Colorado politicians have hatched a scheme, Senate Concurrent Amendment 1, that may solve the awful problem of those pesky Colorado voters passing reforms like term limits and the Taxpayer Bill of Rights, the state’s quite effective spending cap.
SCR‑1 solves the alleged problem of too many constitutional amendments by — you guessed it — enacting yet another constitutional amendment. As the Senate yesterday passed SCR‑1, sending it to the House, Democratic Senator Linda Newell of Denver complained, “I am embarrassed to see how many changes are in our constitution.”
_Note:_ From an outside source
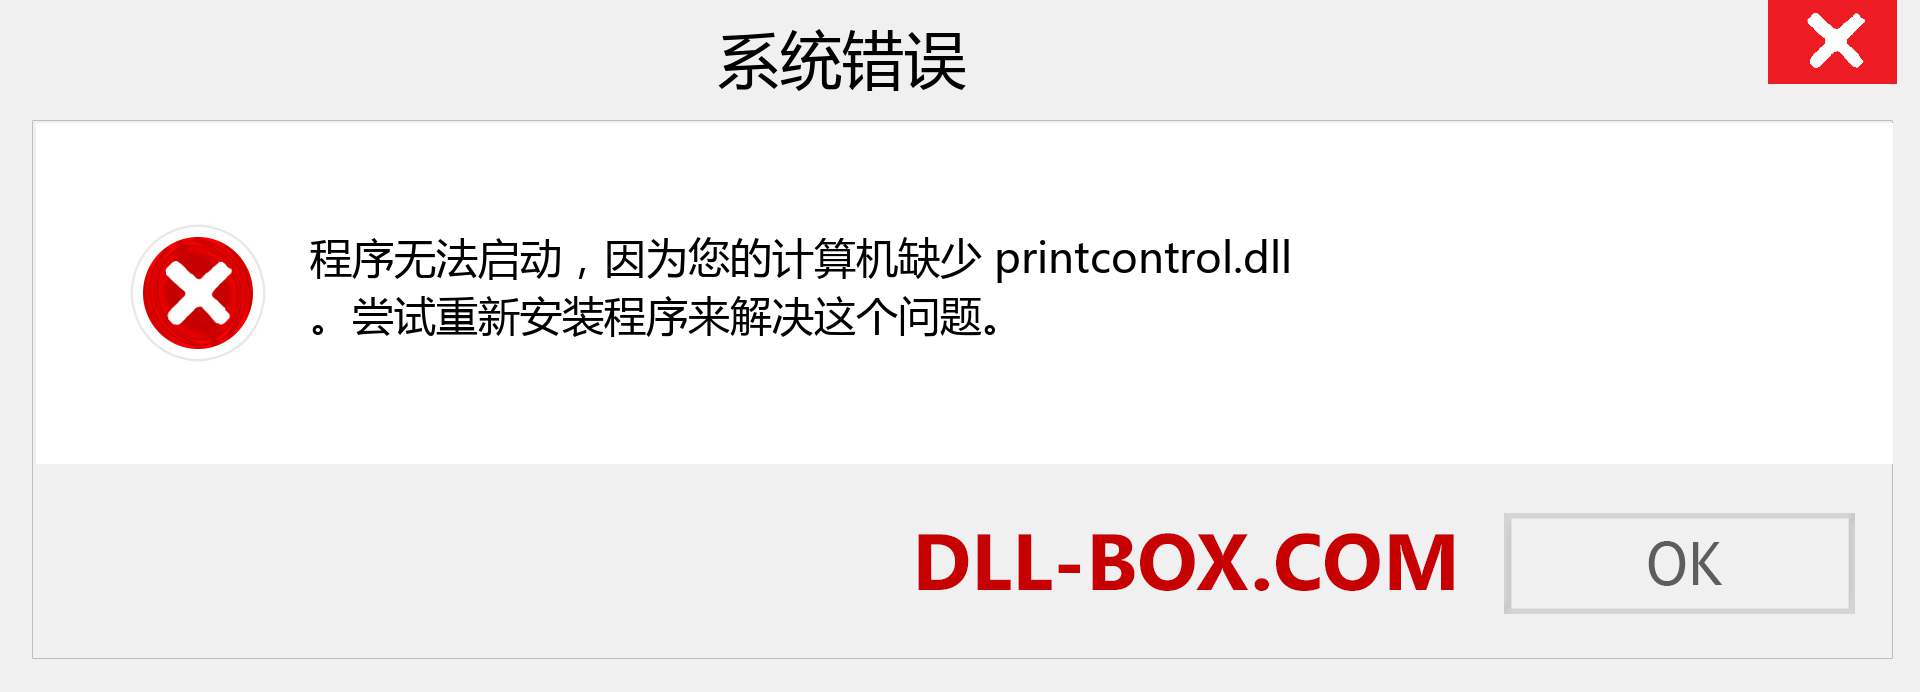 printcontrol.dll 文件丢失？。 适用于 Windows 7、8、10 的下载 - 修复 Windows、照片、图像上的 printcontrol dll 丢失错误

She should be. While most of the 16 amendments enacted in the last decade were proposed by legislators (ten, or 62.5 percent), the measure the snooty senator supports is designed to disrupt only the citizen initiative process.
SCR‑1 prevents a majority of Colorado voters from passing amendments by requiring a 60 percent supermajority — that is, allowing a 40 percent minority to block any reform. This works great for big labor and big business interests who can spend big bucks running nasty 30-second TV ads to create enough doubt to hold an initiative one vote under 60 percent.
Worse yet, if SCR‑1 passes, legislators would still be able to put term limits or the state’s spending limit on the ballot for repeal by a simple majority. An interesting principle: new reform requires a supermajority, but lower percentages may gut term limits or dump the Taxpayer Bill of Rights.
This is Common Sense. I’m Paul Jacob.